Since I wrote last week's log the winter has returned and we have had a good 30cms of snow and temperatures down to -9C so there is not much to see outside except snow. The crocus in the garden made a brave effort to keep their flowers showing but by the next day they also had disappeared to wait for the thaw.

Seed frames

Just as well that I put some covers on the seed frames as there are many monocots germinating and being buried in freezing snow is not the best introduction to life for the delicate single leaf they put up in their first year. I took this picture after the first snow fall, with the subsequent snow you cannot even see the wooden sides. The one good thing about this cold snap is that we always get a better germination of seed (not just bulb seed) after a good cold period with snow.

Narcissus cyclamineus snow.

There is no need to worry as most of these early flowering bulbs are well used to surviving this sort of treatment, as it can happen to them in their natural homeland as well as in the garden.

Narcissus cyclamineus

Back under glass there is a lot to look, at like the variation in the flowers of these Narcissus cyclamineus, raised from our own garden-collected seed. As well as the range of size and height the tubes vary from very long and narrow to short and tubby and the degree or frilling around the mouth also varies.

Narcissus cyclamineus x mini cycla.

Narcissus cyclamineus also makes a very good seed parent when hybridising and this is the first flowering of a cross that I made with N. Mini Cycla - it only produced three seeds which were sown in August 2000. I am not sure yet whether the difference in size is a fixed characteristic or just one bulb is smaller than the other, I should know next year. This cross is very similar to the pollen parent, N. Mini Cycla, but I hope that it may prove more vigorous and robust as a garden plant, as I find N. Mini Cycla a bit temperamental.

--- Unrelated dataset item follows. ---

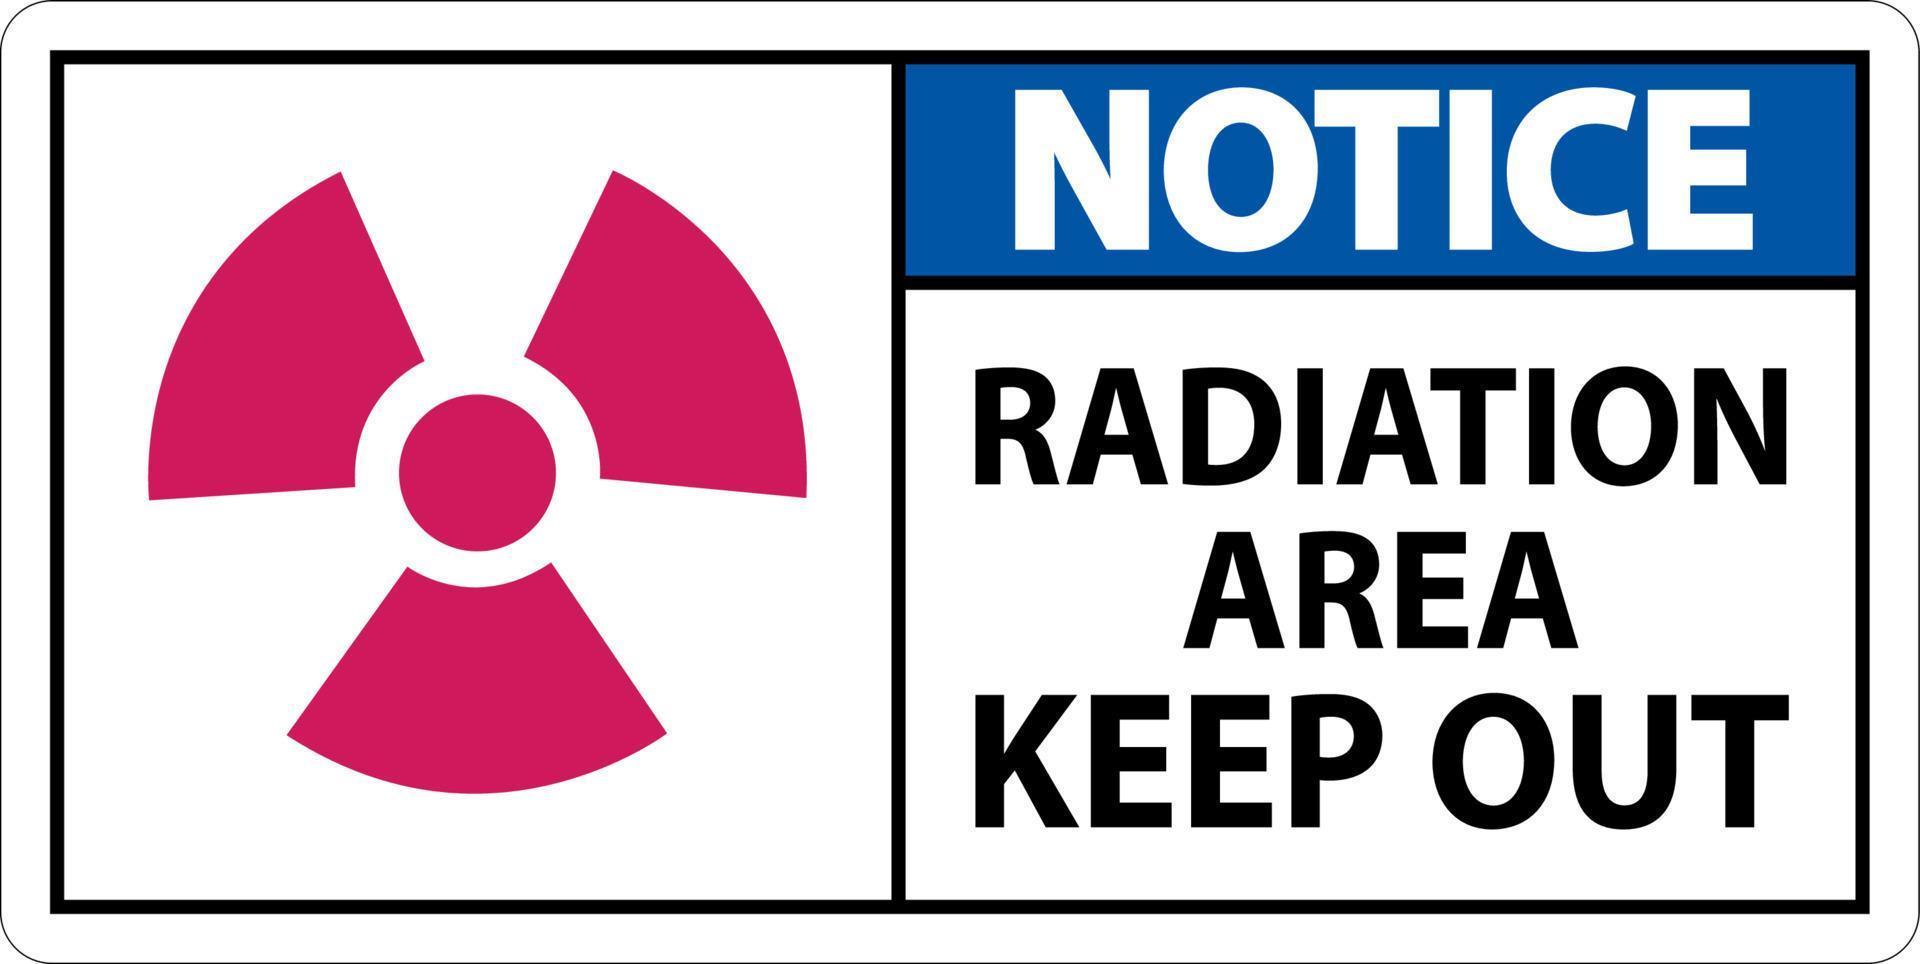 Notice Radiation Area Keep Out Sign On White Background vector

Narcissus triandrus x cantabricus.

This is my version of Narcissus x Susannae, the naturally occurring hybrid between Narcissus triandrus and N. cantabricus, it is one of the most beautiful narcissus that I have ever seen. I made the cross in 1994. When the bulbs are mature and growing well the stems produce two flowers, the second one opening just as the first goes over, it is also increasing reasonably well by natural division of the bulb and I was reluctantly persuaded to distribute a few last summer.

N asturiensis x2

Another of my favourite dwarf Narcissus is asturiensis. On the left is a form , Navarre, originally collected by Gathorne Hardy from the Sierra de Andrea in 1937 but it is the wee beauty on the right with its big flowers and very short stem that captivates me. It is N asturiensis ssp vasconicus (MS 474).

Narcissus bulbicodium x2.

Two early flowering Narcissus bulbicodium: on the left is Narcissus bulbicodium ssp nivalis from the Sierra de Credos in Spain. The slightly taller on the right is Narcissus bulbicodium collected in Portugal - you will also notice that I have sown the seed in the same pot as the mature bulbs of this one in an attempt to save space.

Crocus baytopiorum

Crocus baytopiorum has this lovely delicate shade of blue it is not the easiest of crocus to grow but I have just been told by a friend that she has seen a lovely clump growing and flowering to perfection in a cold garden in Aberdeenshire so I am going to put half of mine into the garden.

Crocus vitallinus OS1283

Two shots of Crocus vitallinus OS1283, from Southern Turkey South to the Lebanon, which can apparently flower in the late autumn or early spring ( ours is a spring version). In the small group of seedlings that we have, this is the only one with the dark feathering on the petals the others are all yellow - notice the very frilly stigma. I love the 'I have just washed it and cannot do a thing with it' look !

Fritillaria chitralensis.

If you have read all last year's logs you will remember the disaster that befell our single mature plant of Fritillaria chitralensis - a blacbird snapped off the stem bearing three developing seed pods. Well I am taking no chances this year I am determined to get some more seed from one of the rarest Frits in cultivation.